▶ YOUR TASK
Could you print, exactly and without pictures, only the lines from the one with "Peace Love America" through the end of the records below?

Start of Block

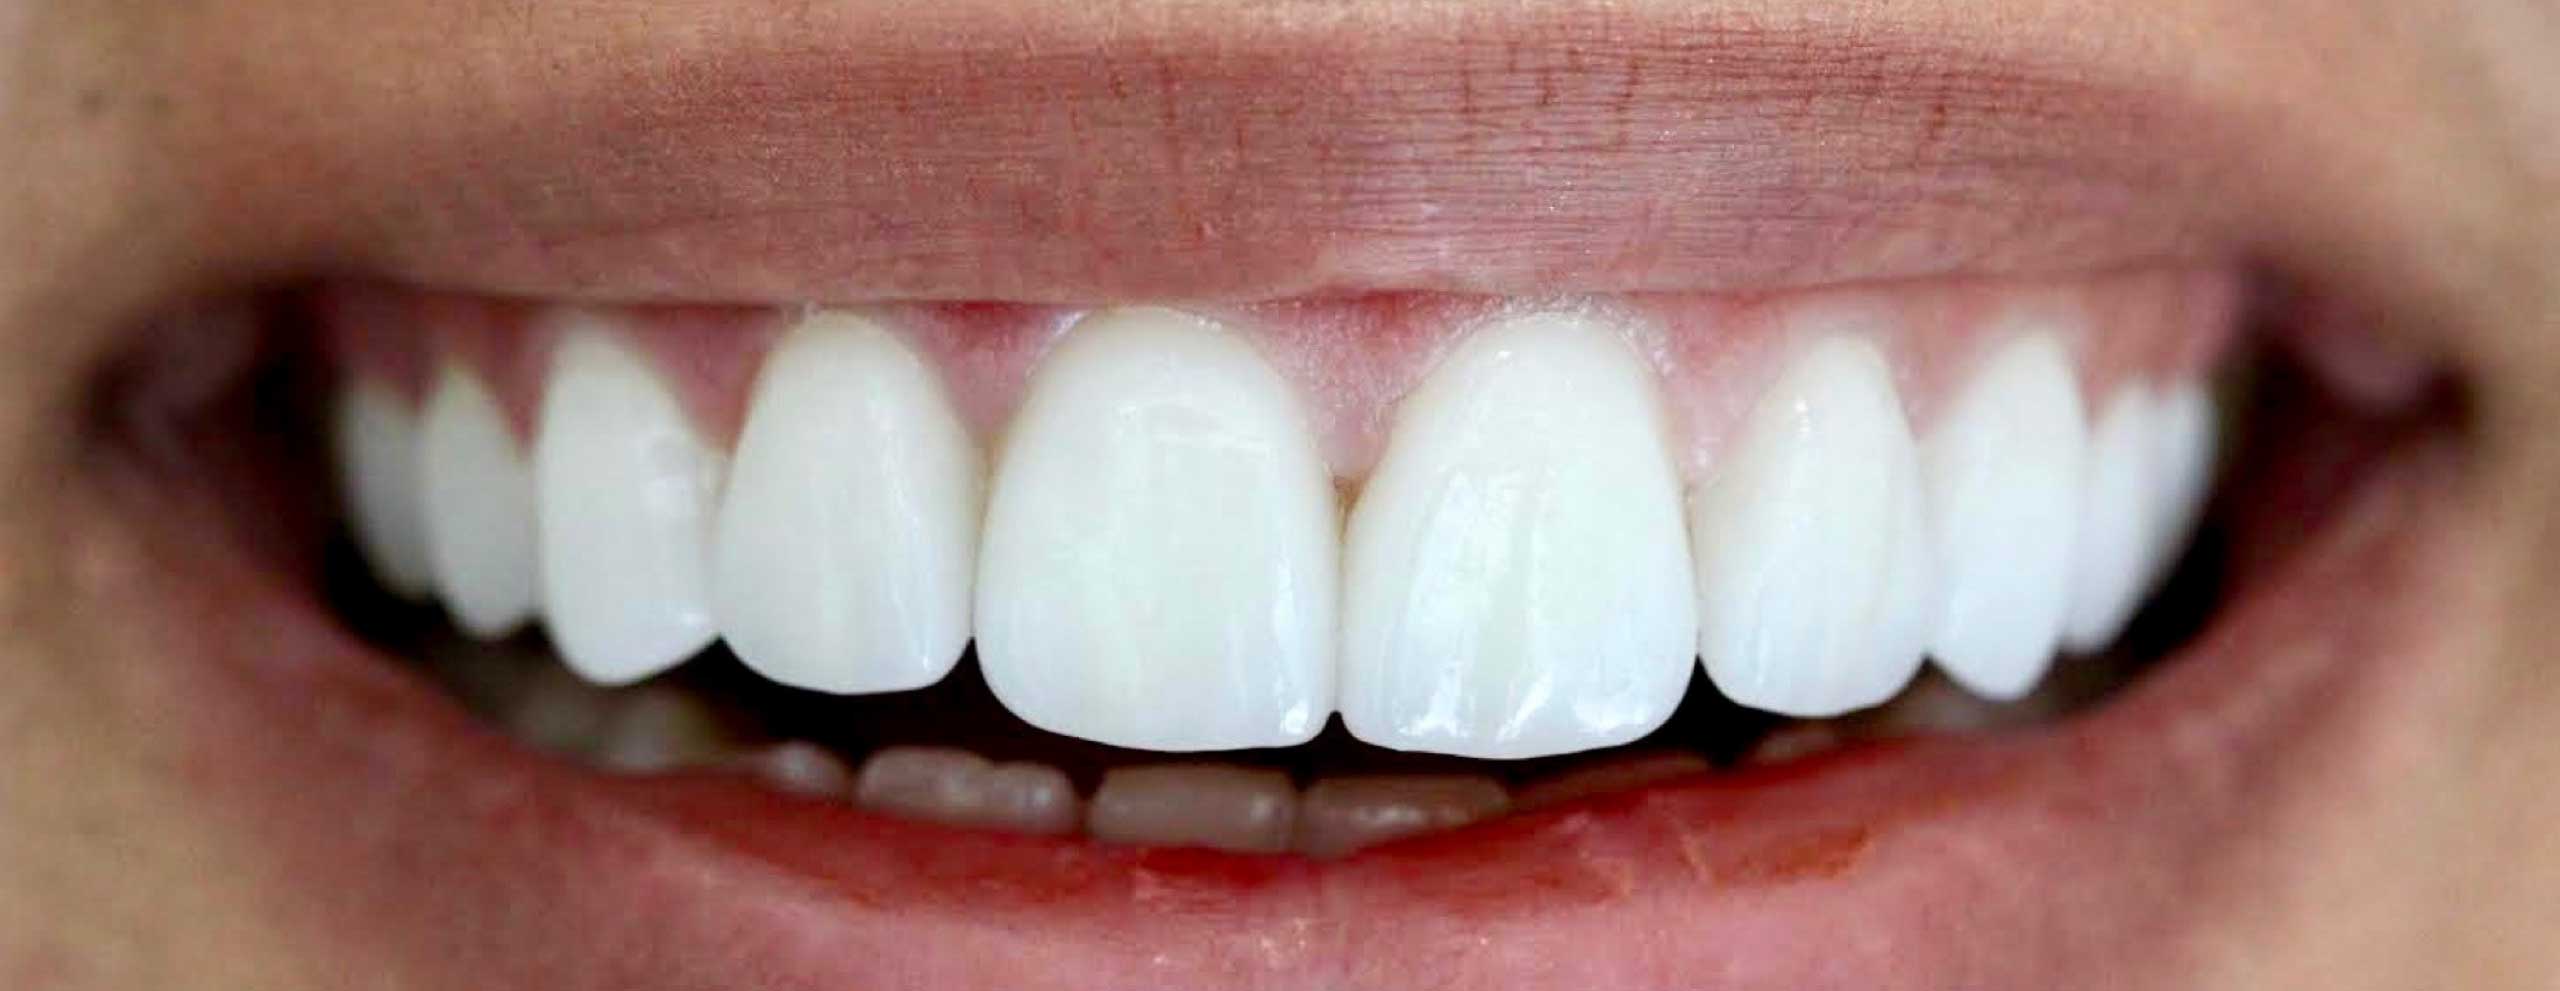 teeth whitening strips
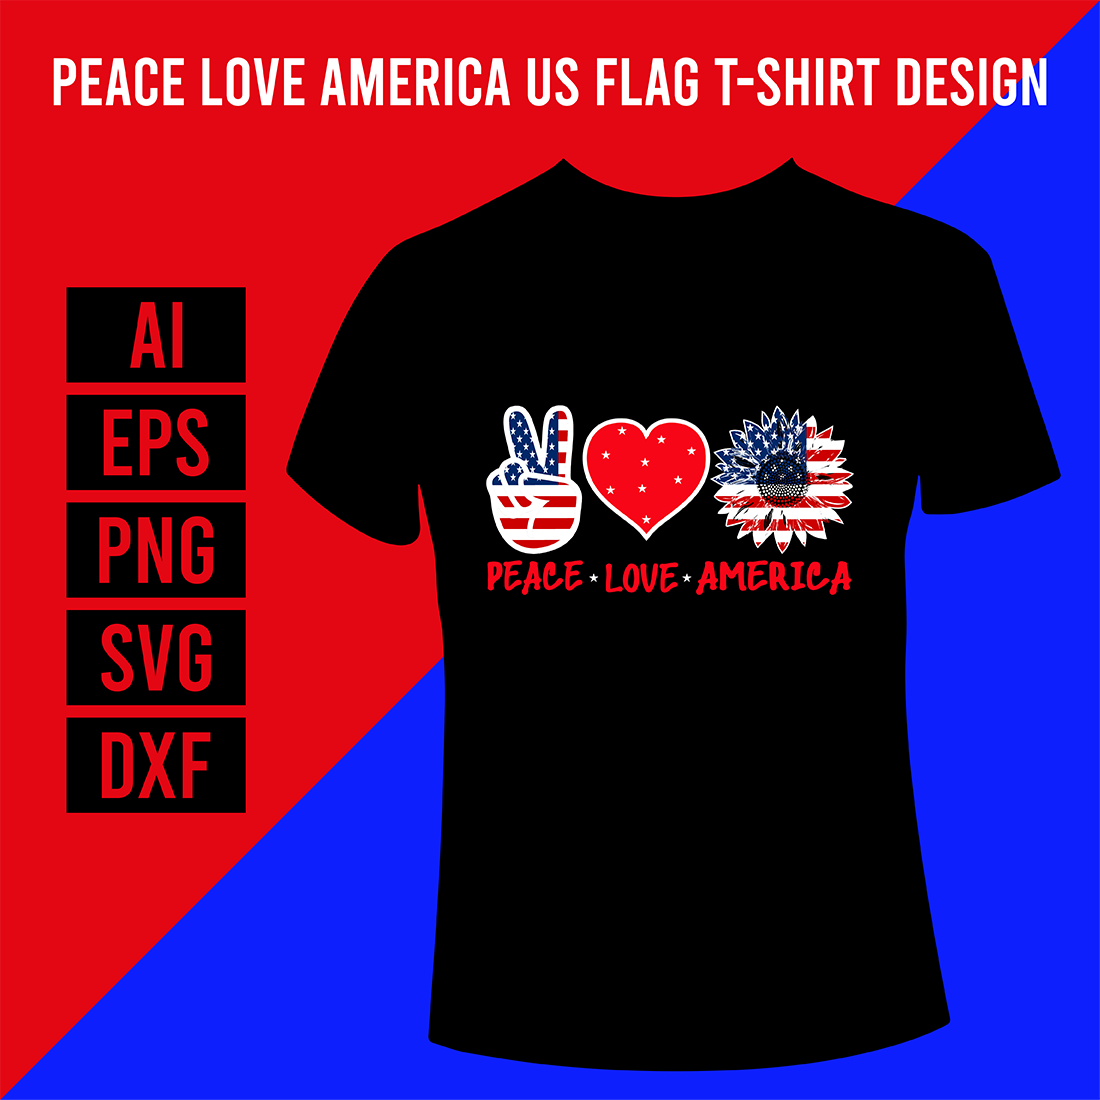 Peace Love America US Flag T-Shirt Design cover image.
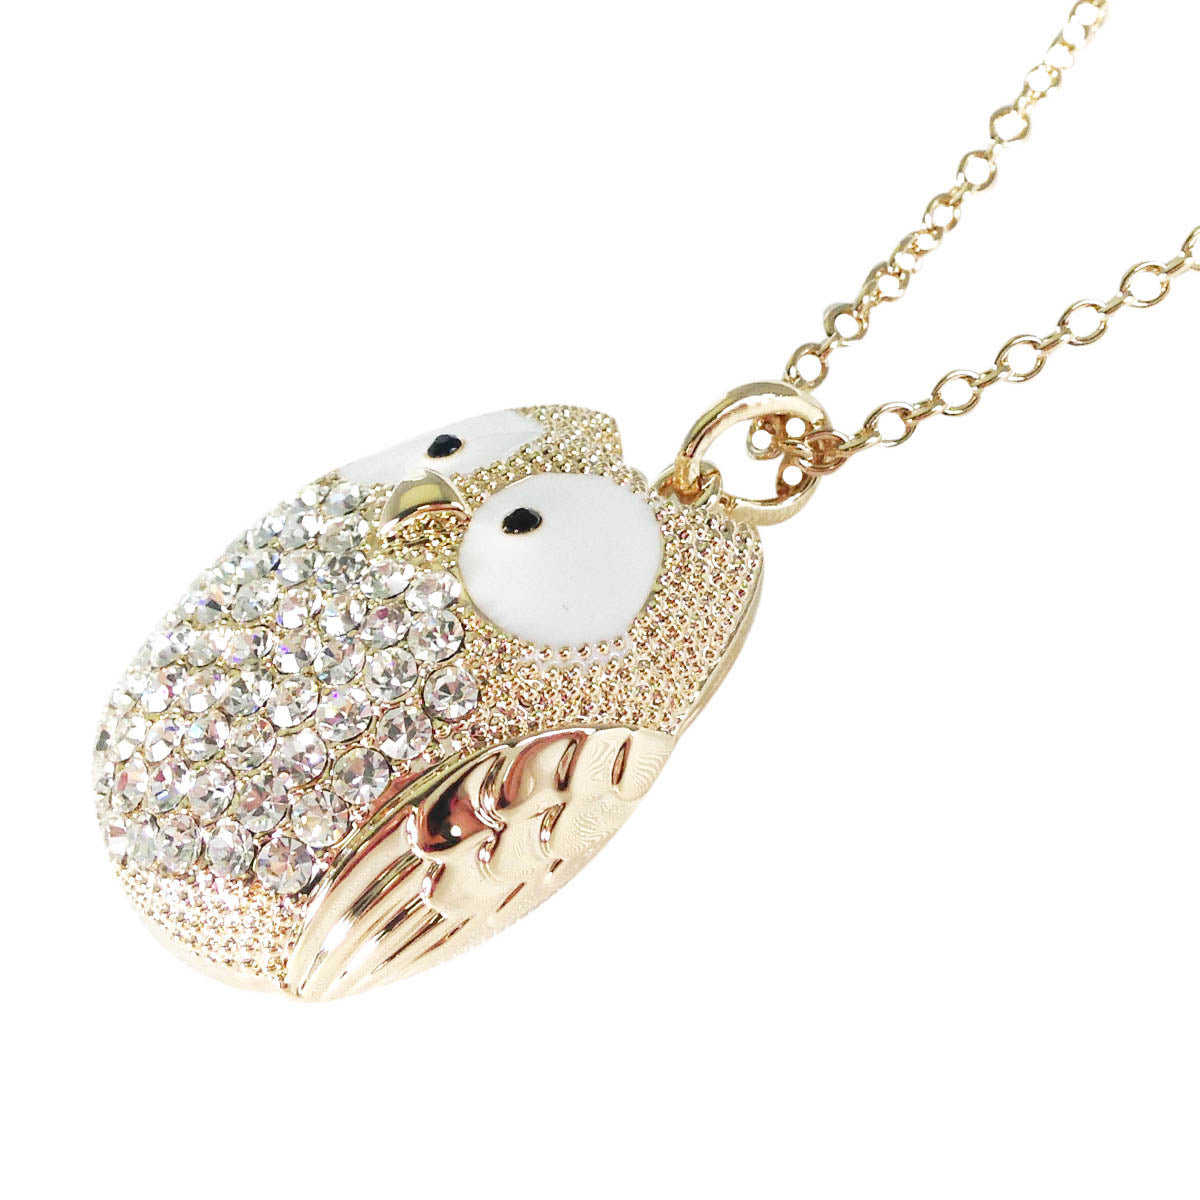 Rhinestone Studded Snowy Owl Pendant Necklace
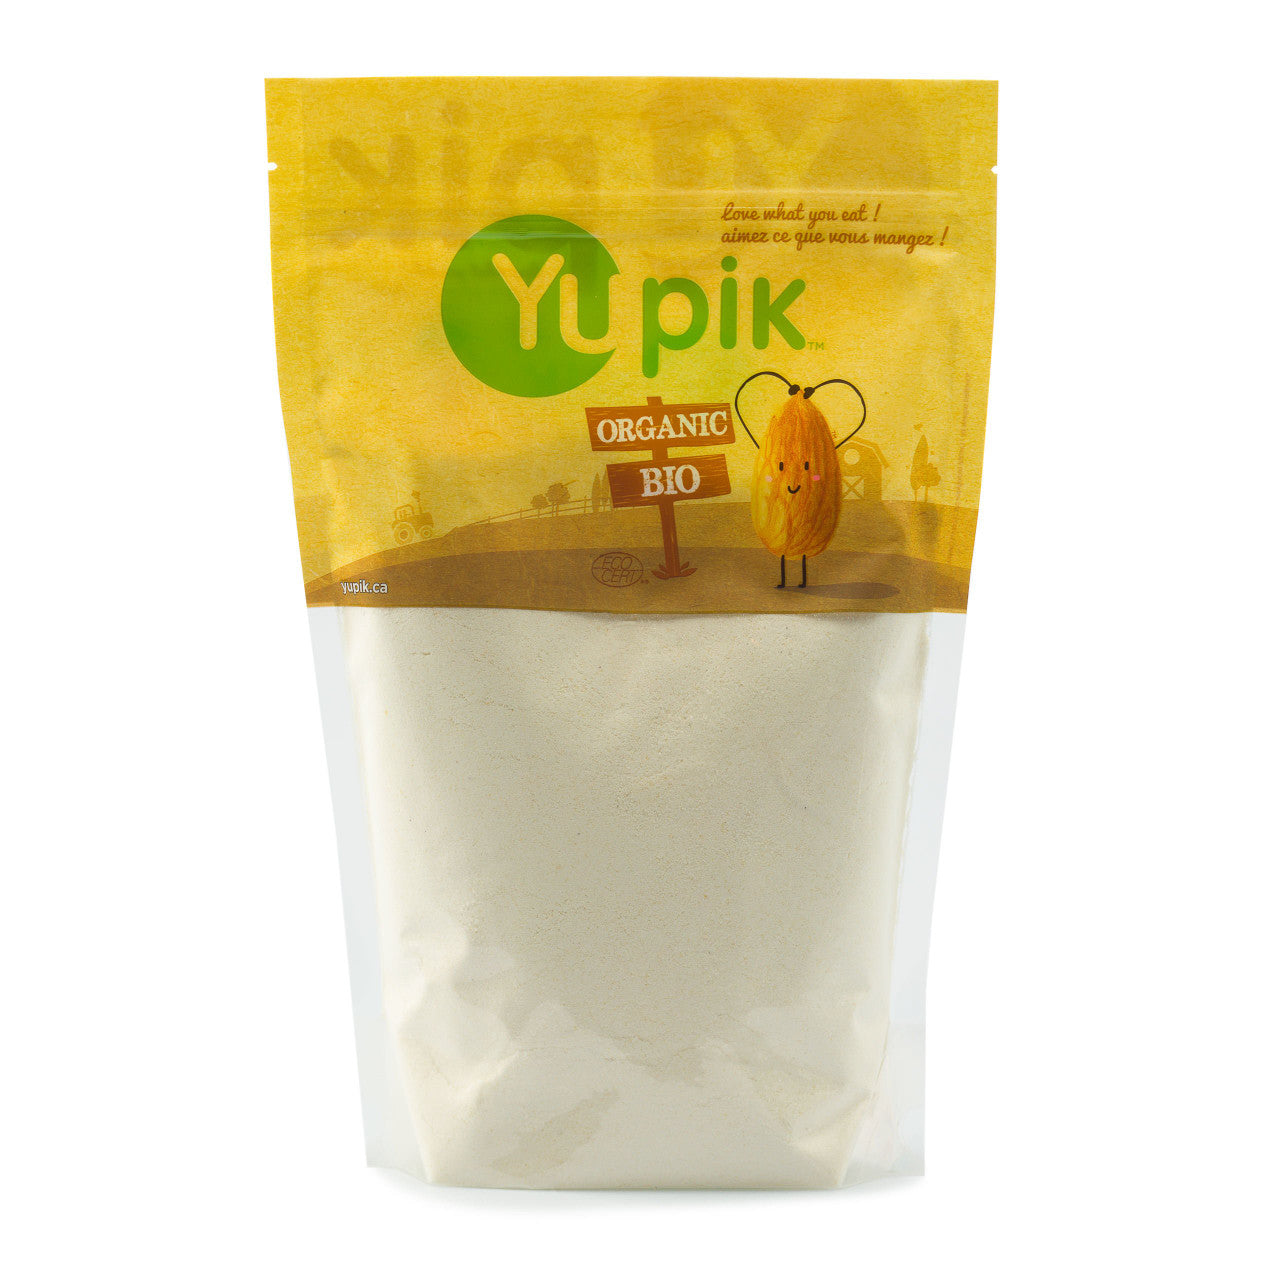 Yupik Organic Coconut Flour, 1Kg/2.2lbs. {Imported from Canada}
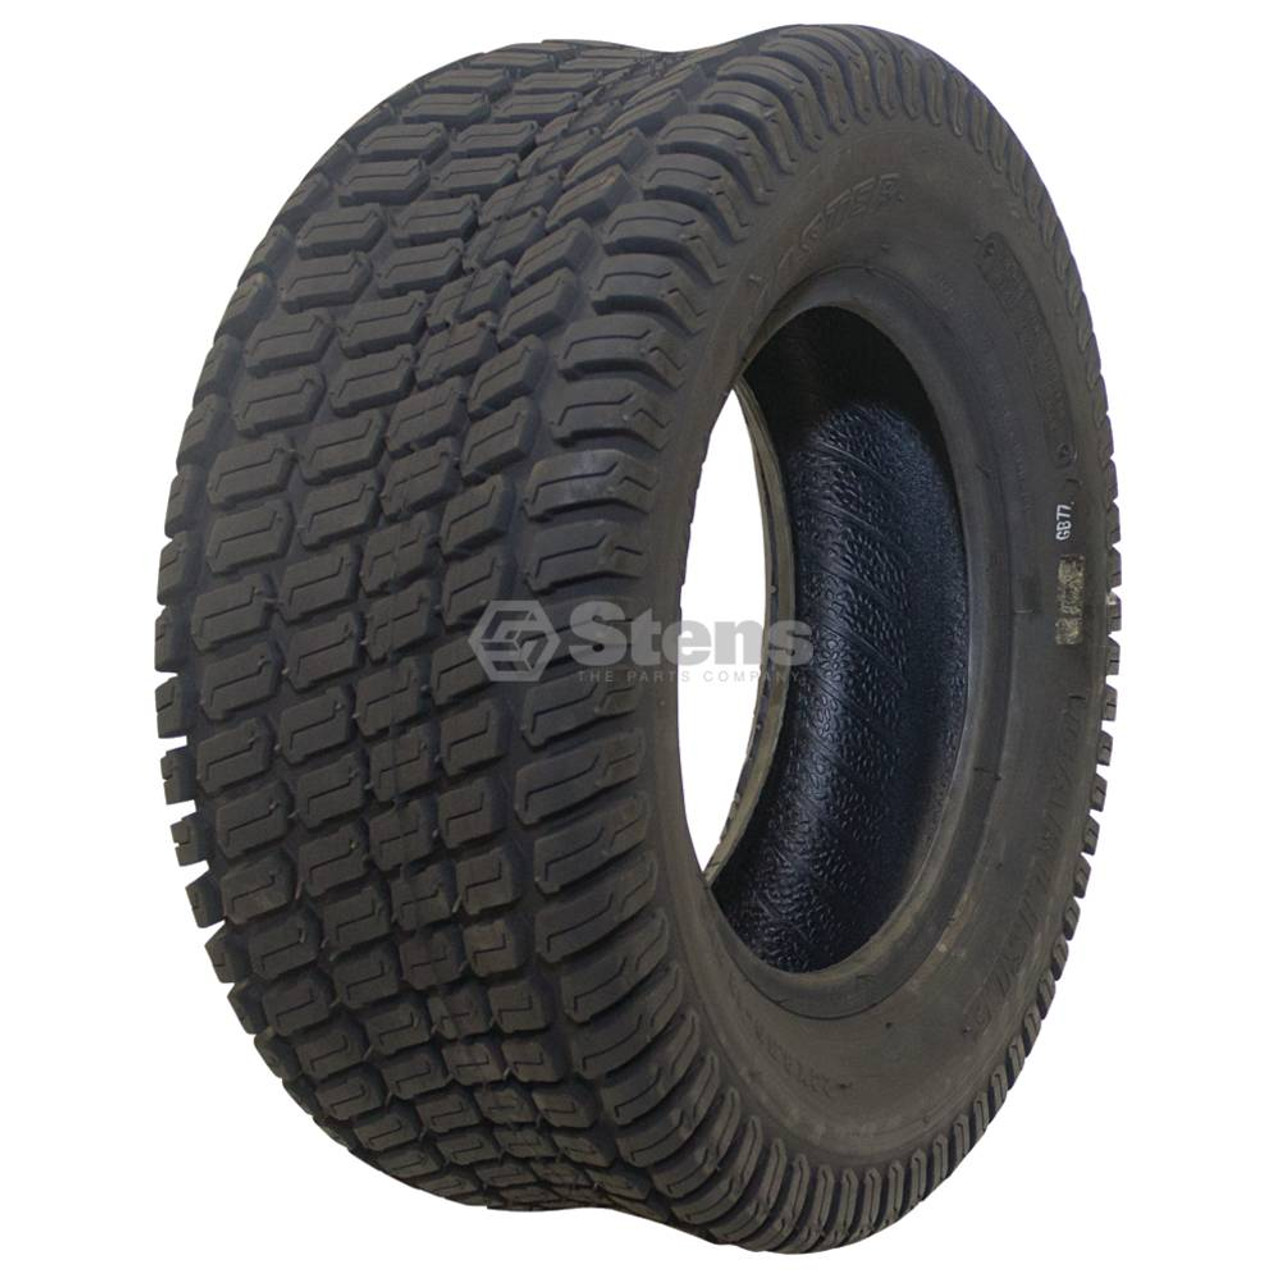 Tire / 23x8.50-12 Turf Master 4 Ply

End of Block

▶ TASK RESULT
 Peace Love America US Flag T-Shirt Design cover image.
 Rhinestone Studded Snowy Owl Pendant Necklace
 Yupik Organic Coconut Flour, 1Kg/2.2lbs. {Imported from Canada}
 Tire / 23x8.50-12 Turf Master 4 Ply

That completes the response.